En la ciudad Maravillosa hay tradiciones arraigadas en familias paceñas, tradiciones que mezclan lo místico ancestral con lo religioso, lo mítico con la realidad, la creencia popular con los deseos cumplidos mediante ofrendas, sacrificios o promesas.

Las calaveras protectoras o ñatitas, son osamentas de cabezas humanas, a las que se les prende velas, se las cuida y se les pide su protección, además se espera que ellas puedan interceder en favor de la familia en el más allá.

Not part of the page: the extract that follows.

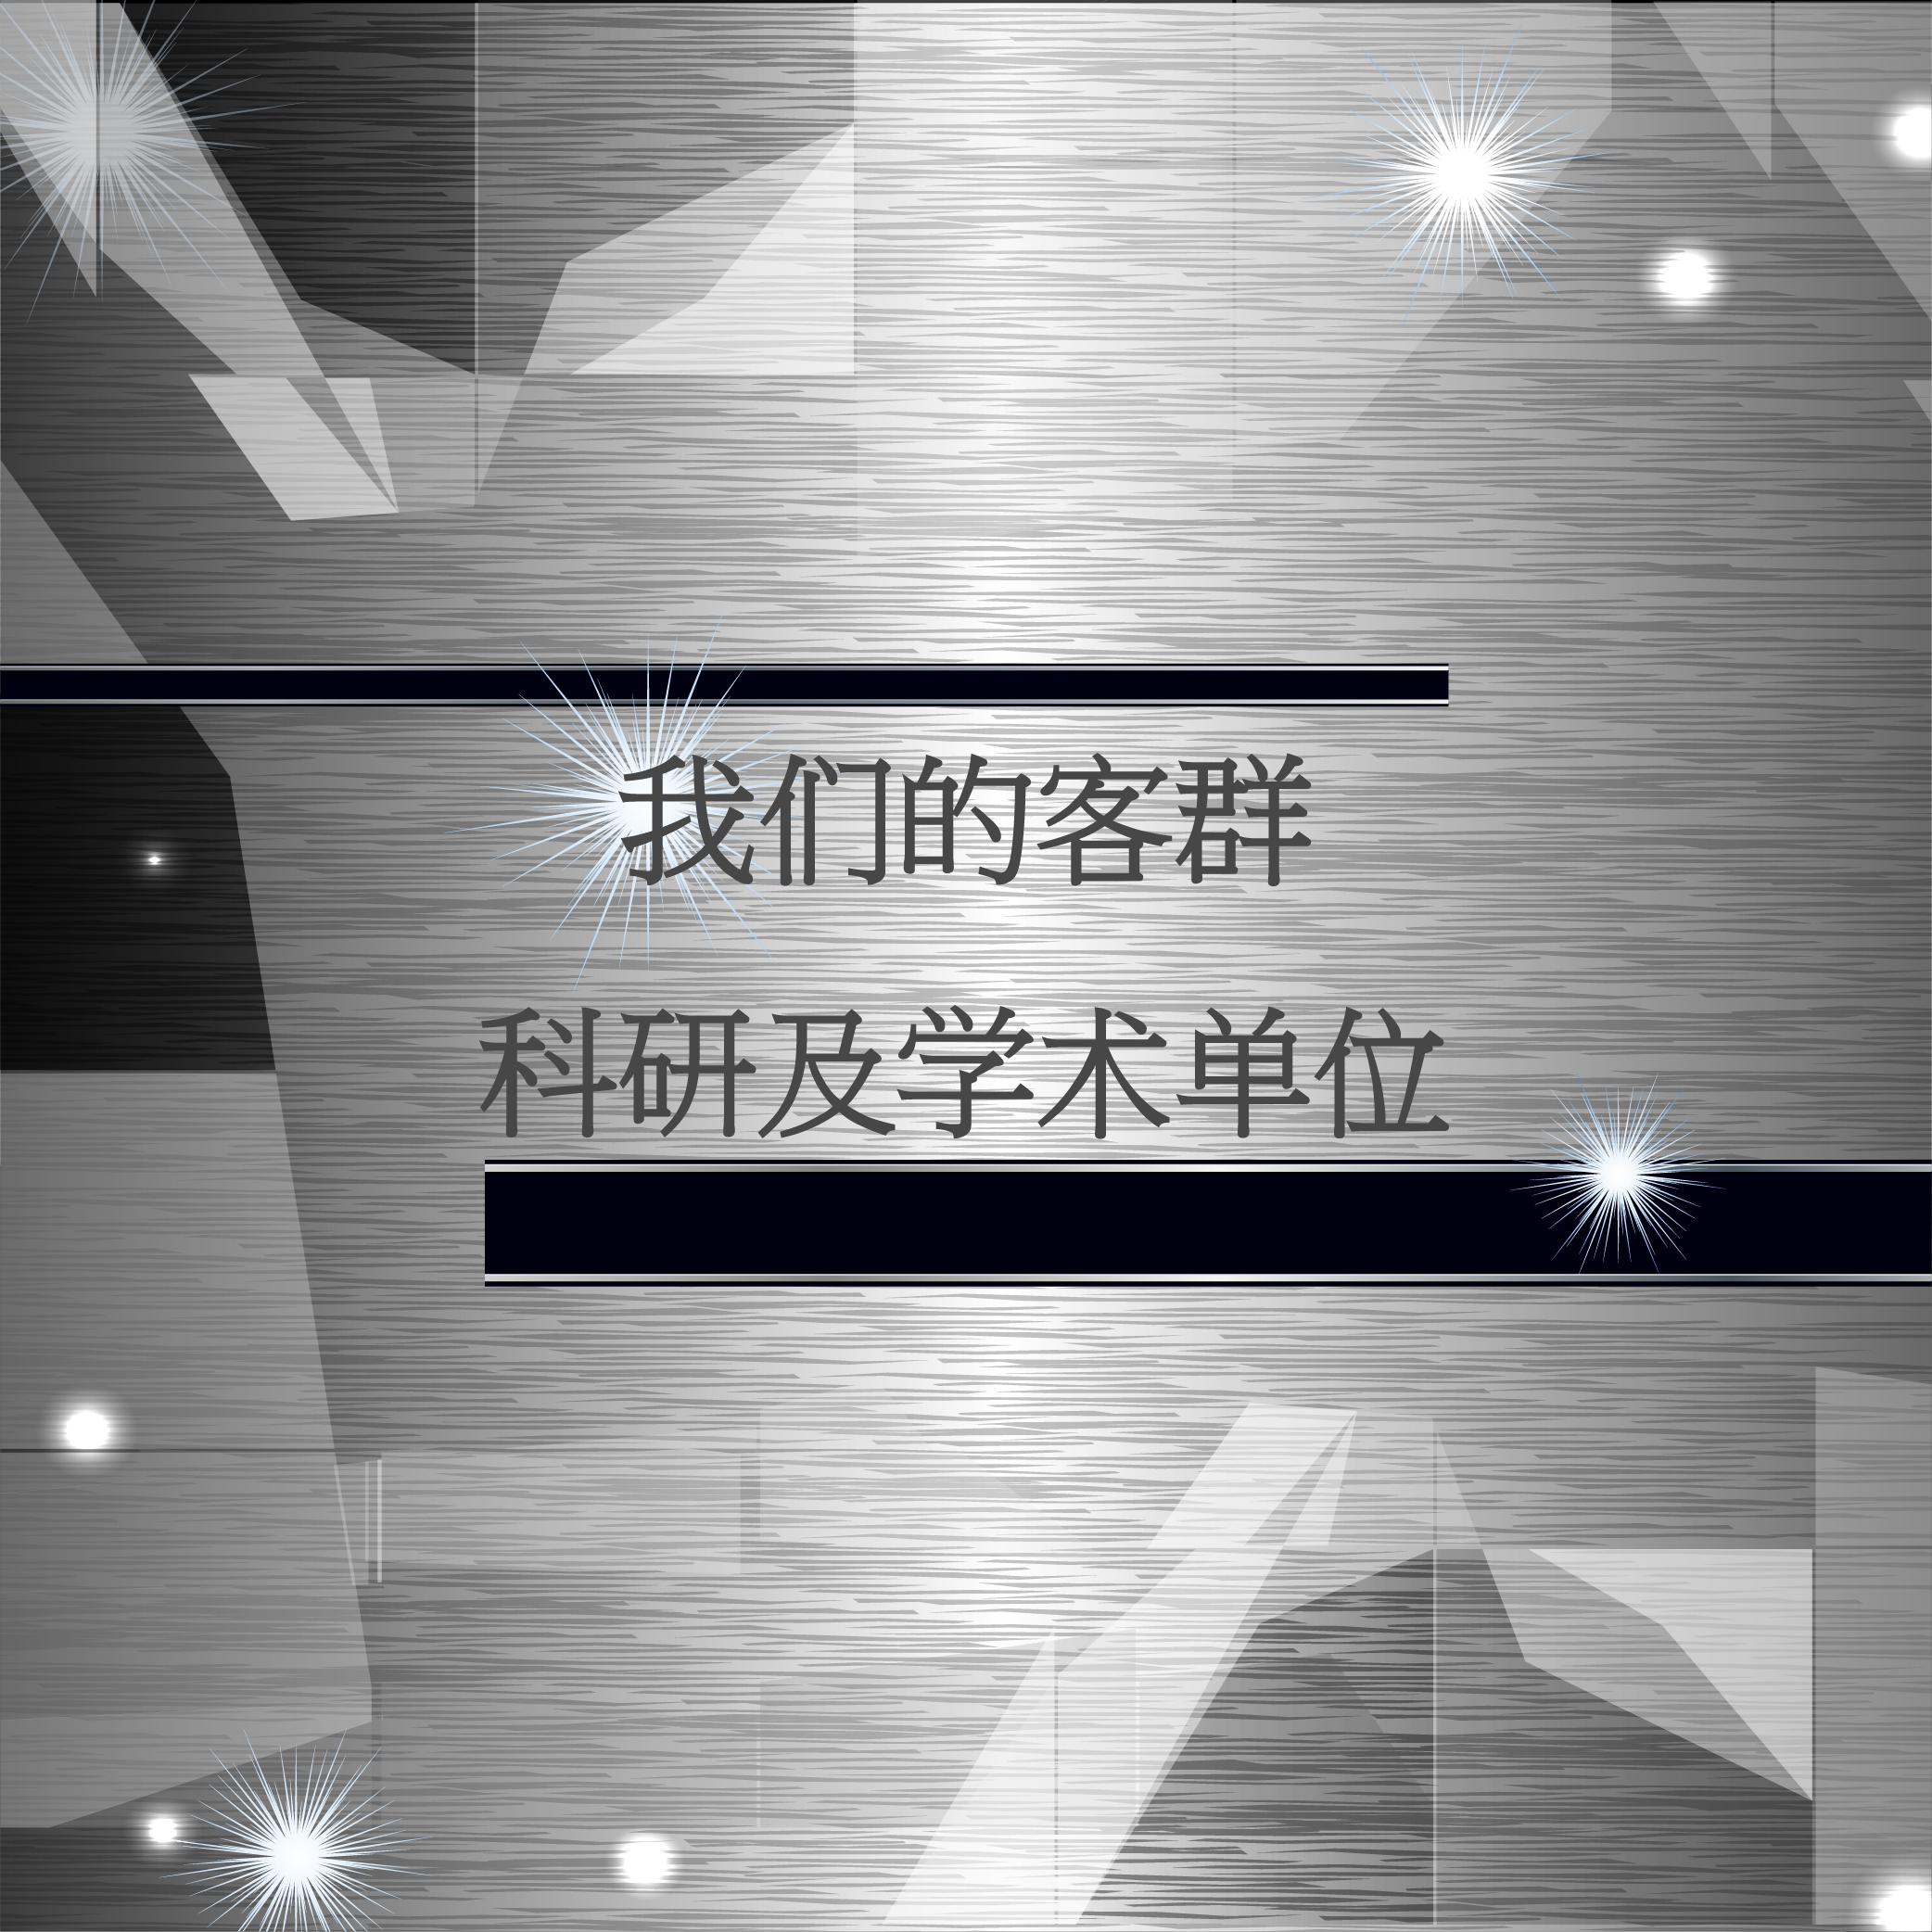 廣告(簡體 03

La Ch’alla, es un rito mediante el cual se ofrece a la Pachamama (Madre Tierra) una mesa o apxata con dulces, lanas, papeles de colores, vino, alcohol, flores, y en muchos casos el feto de una llama, para agradecer todo lo que nos brinda, esto se hace generalmente el martes de Carnaval, sin embargo, el ritual también se repite en construcciones y en compras de terrenos o carros. La mesa debe ser enterrada.

El primer viernes de cada mes, se hace la K’oa, un acto en agradecimiento a la Pachamama, así ella bendice nuestros bienes materiales, también se la utiliza para hacer limpias de casas generalmente en agosto. En este ritual se quema incienso y otros materiales sobre un brasero y se va ahumando cuarto por cuarto, o el lugar escogido.

El 24 de enero hay una fiesta que se denomina Alasita, la traducción sería «cómprame». La tradición dice que ese día, al medio día exactamente, hay que comprar objetos en miniatura que son anhelados por las personas, posteriormente se los hace bendecir con un sacerdote o un yatiri, así hacer realidad los deseos de tener una nueva casa, auto, título profesional, etc. El encargado de que todo esto sea posible es El Ekeko, considerado el Rey de la Abundancia

Es inevitable ver en todas ellas el mestizaje de nuestras costumbres.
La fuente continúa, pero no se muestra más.